Beaucoup d'eau sous les ponts a coulé depuis ce temps où les services de renseignement occidentaux faisaient appel au « Maréchal » pour équiper discrètement leurs alliés – gouvernements ou rebelles – en difficulté lors de guerres sur quatre continents. Après la fin de la guerre froide, puis celle d'ex-Yougoslavie, l'homme est devenu de moins indispensable à la diplomatie occulte des grands intérêts occidentaux. A la fin des années '90, il devient même gênant lorsqu'il tente de faire chanter Elf-Aquitaine pour obtenir le paiement de matériel lourd livré à une des factions de la guerre du Congo-Brazzaville de 1997. Inculpé en France, il prend la poudre d'escampette et se réfugie, en 2000, en Iran où, depuis l'Irangate , il entretient d'étroites relations avec les dirigeants dits « réformistes » de la Révolution islamique. C'est notamment grâce à lui que Téhéran a pu alimenter par des milliers de tonnes d'armes de nombreux conflits de la décennie qui s'écoule, en premier lieu ceux des Balkans.

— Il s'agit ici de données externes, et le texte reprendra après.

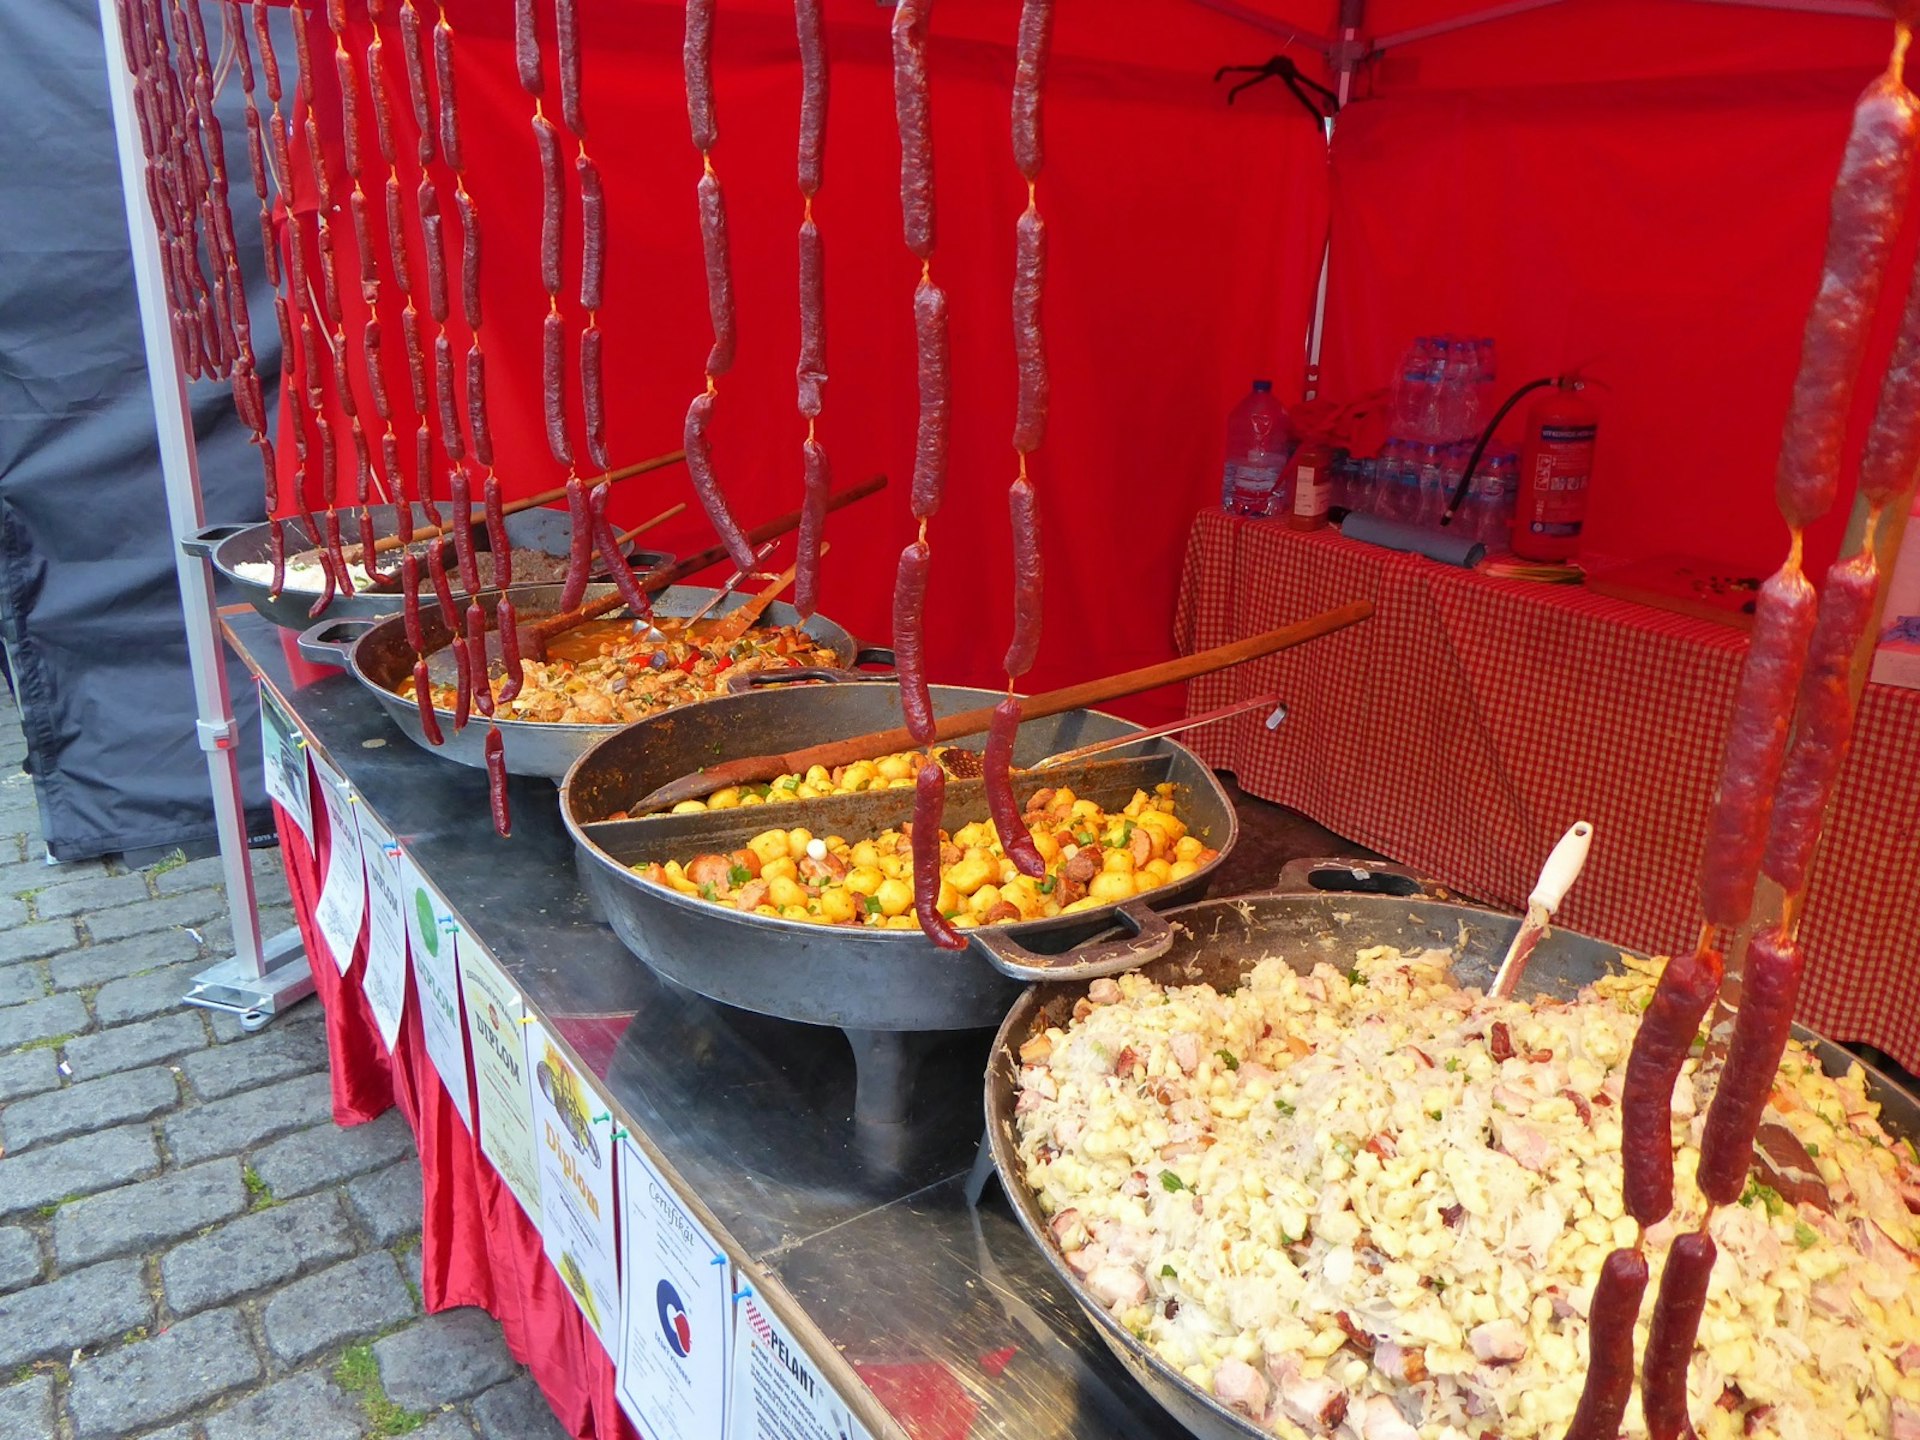 A market stall features four huge pans of food, with long-handled wooden spoons to stir them, and long strings of sausages hung vertically in the front

Cependant, pour d'obscures raisons, officiellement sous l'accusation d'« espionnage », Monsieur est jeté en prison, puis condamné à dix ans de détention par la justice iranienne. Il passera près de 18 mois sous les barreaux, avant que sa peine soit commuée en paiement d'une amende de $400.000. Expulsé, il se retrouve peu après en Belgique où, à l'issue d'un procès rapidement expédié et à huis clos, il écope en décembre 2002 d'une peine de 40 mois de prison, assortie d'un sursis pour ce qui excède la préventive. Libéré donc après l'audience, il lui reste à s'expliquer devant la justice française qui, toujours à huis clos, le condamne en mai 2008 à 4 ans de prison, toujours avec sursis. Précisons que les justices des deux pays s'étaient partagées le dossier en fonction du pays de résidence de l'intéressé (qui a quitté le Brabant wallon pour le Berry vers 1993).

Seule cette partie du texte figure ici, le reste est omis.